Rodolfo relata que o medo toma conta das estações de metrô, que servem como bunkers (abrigos) para os cidadãos. “As pessoas estão muito assustadas, porque quando você chega na estação de trem, em Lviv, é um pandemônio, é tudo caótico, não tem informação”. Entre um resgate e outro, o cientista conversou com o Correio na noite desta quarta-feira (2/3) e contou sobre os desafios que vem enfrentando para ajudar a resgatar brasileiros em território ucraniano. Confira a entrevista.


Qual é sua relação com a Ucrânia?

Domingo (27/2) de manhã eu já estava em território ucraniano. (Sobre a) Minha relação com esse país, eu vim aqui a turismo, há mais ou menos três semanas. Conheci a capital, conversei com pessoas locais, visitei Chernobyl, andei ali na região de Pripyat, o guia super gente boa contou a história dele, a história do pai dele, que eles eram ucranianos, o que eles passaram durante o período do comunismo. Conversei com o taxista e com as senhoras que estão vendendo artesanato na rua. É bastante intensa a história da Ucrânia, né? Eles passaram por muita dificuldade.

Eu saí um dia antes do espaço aéreo da Ucrânia fechar, acho que foi no dia 22 de fevereiro, e desde então vi que o país que eu tinha ido um pouco antes, um país bonito, com um povo gente boa, e que, embora tenham sofrido muito durante a vida, se mantinham otimistas, né? E aí eu li tudo isso e resolvi voltar pra ajudar, tentar fazer minha parte para ajudar no no que fosse possível.

Como tem sido os resgates? As pessoas estão muito assustadas, ou ainda não caiu a ficha?

Os resgates têm sido emocionantes. As histórias são impressionantes. Não está fácil. Teve gente que teve que andar quilômetros até a fronteira e não conseguiu passar com criança, bebê de colo, estava há dias sem comer. Eu mesmo levei um grupo hoje que o pai foi separado da filha e da mulher porque não deixaram ele embarcar no trem. Foram separados sem saber se iam se reencontrar.

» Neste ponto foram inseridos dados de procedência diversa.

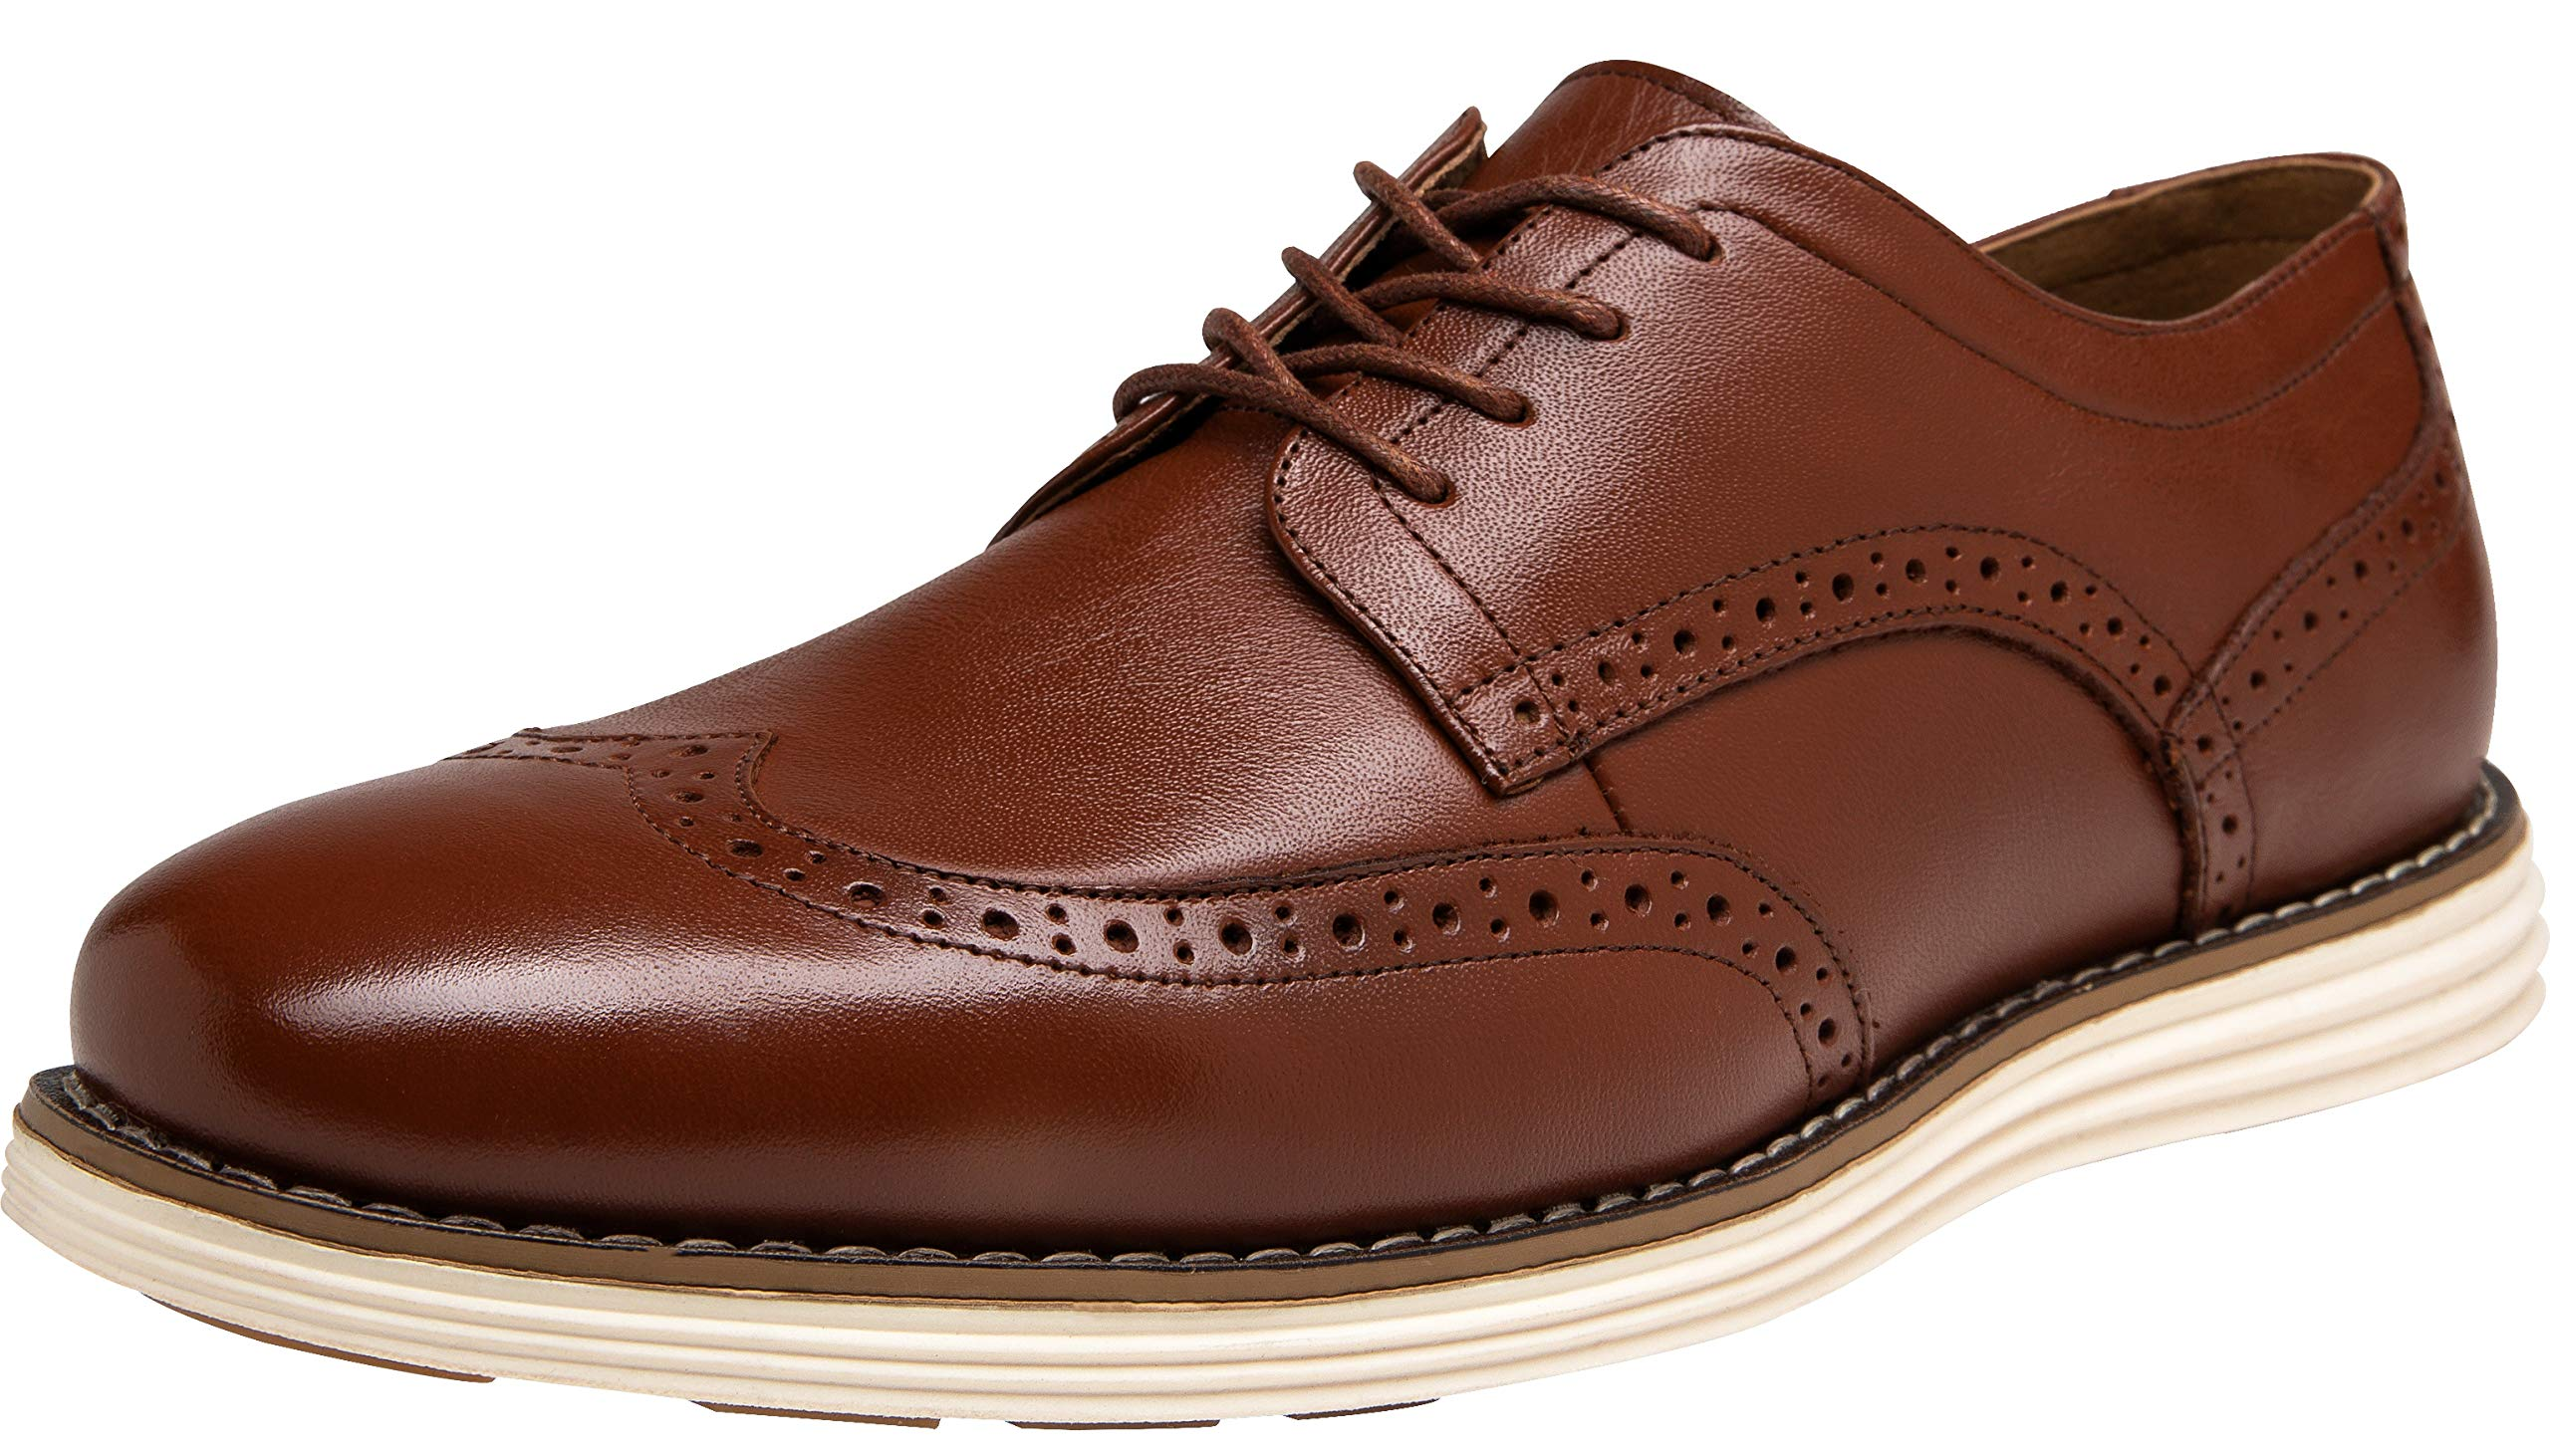 JOUSEN Men's Oxford Leather Dress Shoes Brogue Wingtip Casual Shoes (10,Wingtip-Oxblood)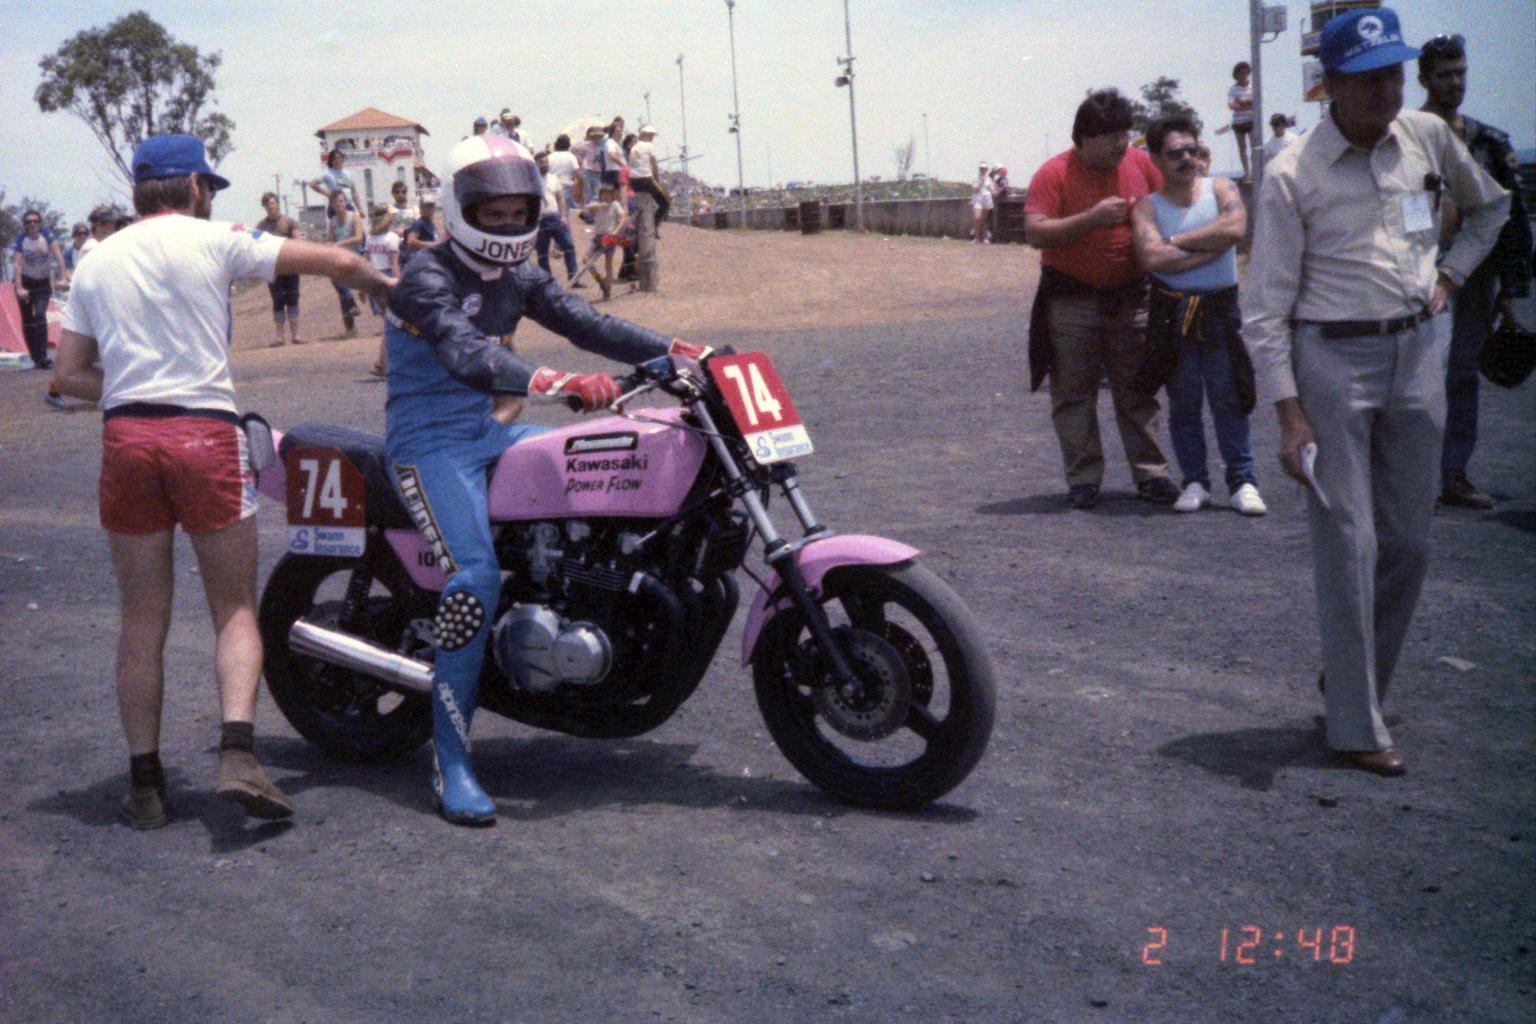 1984_Australia-12-2_サイモン・ジョーンズのKAWASAKI950cc

As pessoas estão muito assustadas, porque quando você chega na estação de trem, em Lviv, é um pandemônio, é tudo caótico, não tem informação, está lotado de gente, as filas para tudo estão enormes, o caixa para sacar dinheiro não tem mais dinheiro. Tem muita gente que não fala a língua, perdido, então a gente serve como ponto de apoio para essas pessoas que chegam desnorteadas. É muito emocionante ver os reencontros. Saber que você está fazendo a diferença na vida das pessoas não tem preço. É a recompensa do nosso serviço.

O cerco está se fechando? Há uma preocupação de que não dê tempo de todos saírem?

O cerco está fechando. Tanto eu quanto a Clara, vimos que começou e a gente veio o mais rápido possível, porque a guerra está ficando cada vez mais ferrenha, a situação está cada vez mais complicada. Cada minuto que passa é essencial. Estamos com uma corrida contra o tempo para tirar todo mundo da Ucrânia o mais rápido possível. Há preocupação que não dê tempo porque os trens ainda estão passando, e no momento já não dá pra fazer a maioria dos trajetos de carro.

Eu vim para cá, dirigi até a entrada de Kiev e não consegui entrar porque tinha um tanque de guerra russo no meio da rodovia travando combate com as tropas ucranianas. Eu tive que dar meia volta praticamente vendo a cidade já não deu para entrar de carro. Está cada vez mais difícil o transporte, a locomoção, até porque o exército ucraniano está está destruindo pontes para impedir o avanço russo, então as rotas estão ficando cada vez mais complicadas, porque você precisa desviar por estrada na floresta, que é muito esburacada, estrada de barro. Tem muita blitz do Exército.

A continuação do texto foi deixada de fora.